Since the dawn of time, our household has been making fun of Dad for being a softie. And I have obviously been at the forefront of this movement, as with most of the family taunting that goes on. I get the ball rolling, at least. That’s my job; I’m the one who won’t let you get away with anything. Val’s job is to be the sweetest little bleeding heart liberal and to laugh at our (my) jokes (thus avoiding almost any teasing, as it may happen), Ty’s job is to play music loudly, eat all the food, and get away with stuff Mom never would have let us do, and Carly’s job used to be to be the cutest baby sister ever, although she has taken over as family smart aleck in my absence. I think she may even be better at it than I am, but if I ever get zinged I just pull rank – I will never let her forget I’ve got 12 years on her. As for Mom, her job is to clean obsessively, take up for us all (but for Ty way more), and be the world’s best listener, and Dad’s job is to take us to the best shows, be the family ATM, and to tell long stories (slowly). Oh and also, to be the uber-sentimental one.
It all began when we were watching Disney’s Beauty and the Beast at the old, old house on Round Rock (which used to just be the old house, but it has been demoted since the family moved to Forney). It was the early 90s and we were all elementary school aged or younger (and Carly wasn’t even around yet). This was what I like to think of as the heyday of Disney films. They really had us in their clutches back then. The Little Mermaid, Beauty and the Beast, Aladdin, The Lion King – man, things were looking good for Michael Eisner and co. They couldn’t go wrong. We were buying what they were selling, that’s for sure.
The charm of Disney films was that even adults could enjoy them. It wasn’t like watching Barney with your child, where the incessantly stupid songs would get stuck in your head and you would slowly lose your will to live. Disney films were smart. Clever dialogue, heart-wrenching plots, real life themes, and humor that would go over a child’s head were deliberately inserted into Disney films by these genius writers to make the movies even more marketable. Hence, even our dear old Dad was watching B & the B with us and enjoying it too.
If you don’t remember how the movie ends, or somehow haven’t seen it, this is what happens (spoiler alert!). The Beast is turned human again at the very last second by falling in love and in turn winning the love of Belle, his prisoner, the usual beautiful Disney heroine. There’s a lot of hoopla and it’s got all the magical happy ending music and everything works out perfectly for Belle and the Beast (whatever his real name is). It’s touching, really. But I still remember looking up and seeing Dad’s face (and forehead) turning red and his eyes welling up with tears. At such a young age, crying out of joy was an unknown concept to me, so all I could say was, “Dad! Why are you crying?! It’s not even SAD.”
And so began a lifetime of taunting Dad for being sentimental – threatening not to have him walk me down the aisle at my (totally theoretical) wedding because I don’t want any blubbering, asking if he can handle it when we watch It’s a Wonderful Life. Because my heart has always been made of stone. I don’t cry at sad movies or Extreme Home Makeover or mesothelioma commercials where a man who has been blind for 40 years regains his sight. Because I’m hard.
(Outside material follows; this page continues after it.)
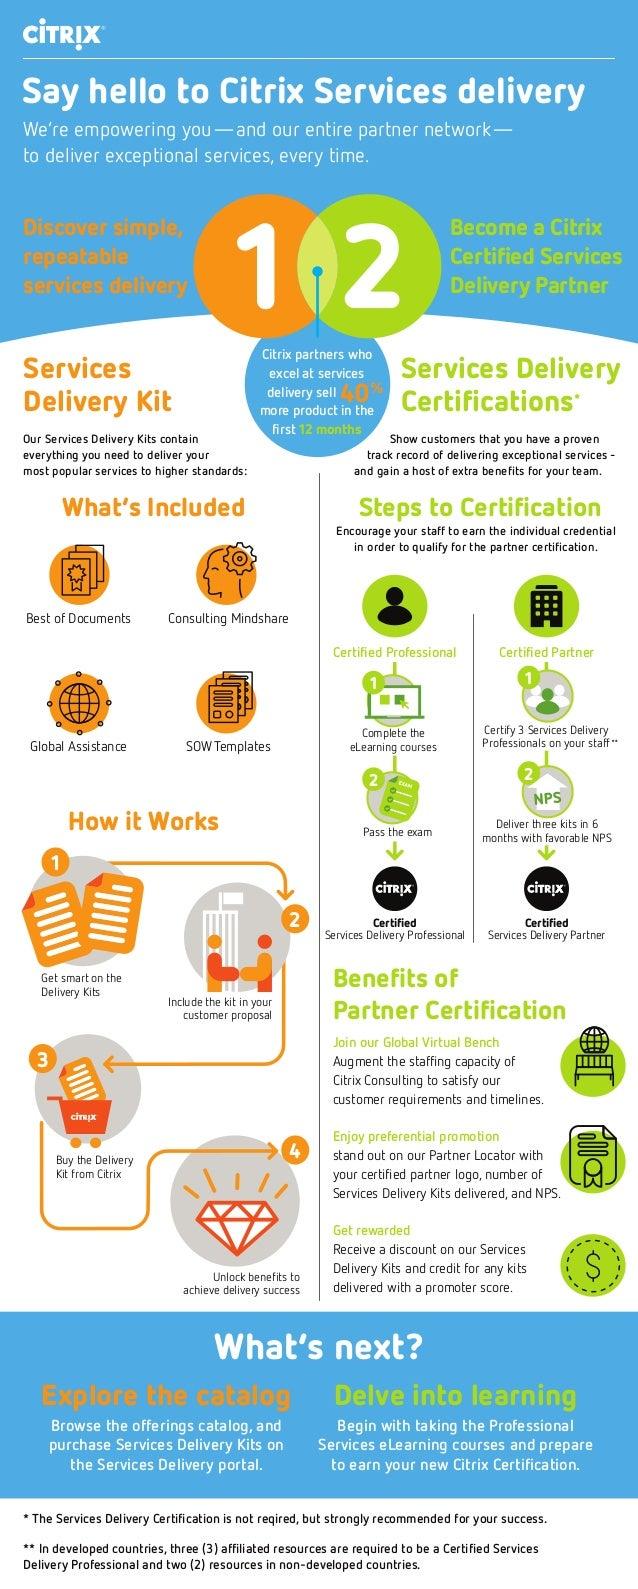 Introducing Citrix Services Delivery Program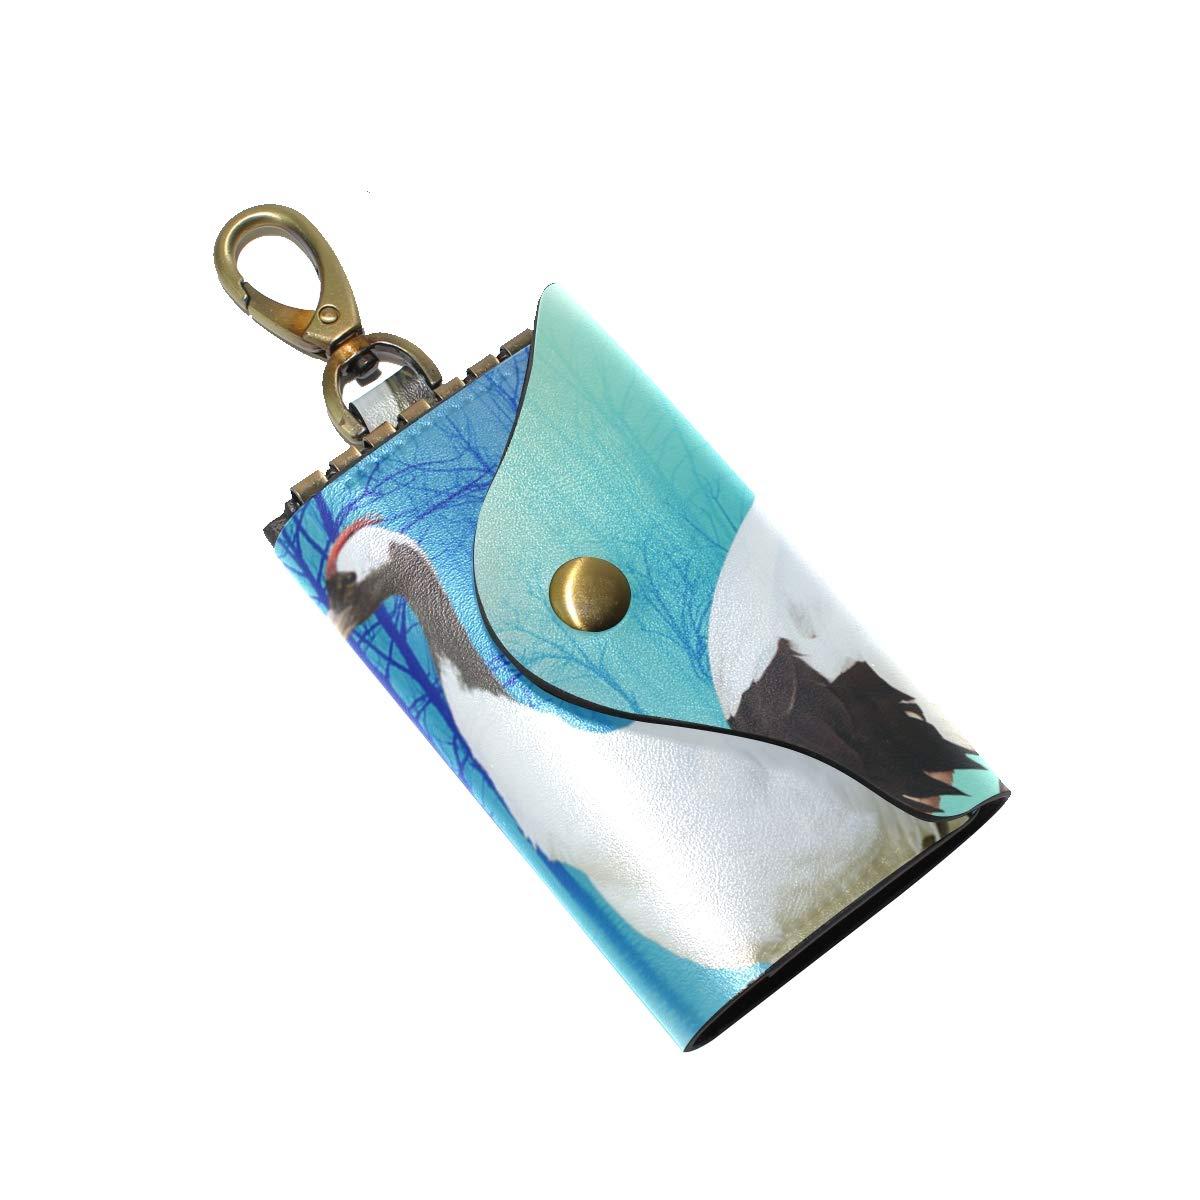 KEAKIA Art Ibises Bird Leather Key Case Wallets Tri-fold Key Holder Keychains with 6 Hooks 2 Slot Snap Closure for Men Women

Until now. Ugh. For the first 26 years of my life, those things were true. I prided myself on never shedding a tear. I was as cold as ice. But now, my ice-cold heart has melted, and I feel like I’m making up for lost time or something.
This manifested itself most recently this morning in my early class, when we were watching Disney film clips and putting mixed up song lyrics in order. The first song we did was “Circle of Life” from The Lion King. I had given the kids the lyrics all cut up and their job was to put them in order while the clip played, and whichever team got them in order first, won. I love activities like this, and so do the kids, so I’m just sitting there, patting myself on the back when I hear the opening strains of the song and the first words of the African chant the animals sing before the English words come on.
“Nants ingonyama!
Bagithi Baba!”
What a great song!, I think. What a wonderful movie, what a moving scene, it’s so amazing seeing all the animals and the sunrise, and the majestic King Mufasa with the baby Simba… – wait a minute! Then, lo and behold, I feel tears prick my eyes.
I didn’t outright cry or anything. I was able to get it together, but still, are you kidding me?! It’s 8:15 in the morning, and I’m moved to (almost) tears by a movie I have known since I was a child?! It’s like being potty-trained for your whole life and then suddenly having an accident. I can’t count on my sentimentality any more! Now not crying is like a skill I have to practice. This sucks. I usually like having feelings and stuff, but this has gone too far. Please, heart, don’t embarrass me, and in front of my students no less!
I would have kicked myself if I didn’t also find it hilarious.
So I have an apology to make, to both of my parents actually. To Dad, sorry about all those times I made fun of you for crying. But I bet stories like these make it up to you way better than this apology will. And Mom, sorry I laughed at you for putting “Circle of Life” on Nana and Granddaddy’s 50th Anniversary slideshow. Turns out it really is a sweet, sentimental song. I realized that the hard way.
And now you can both mock me for a change.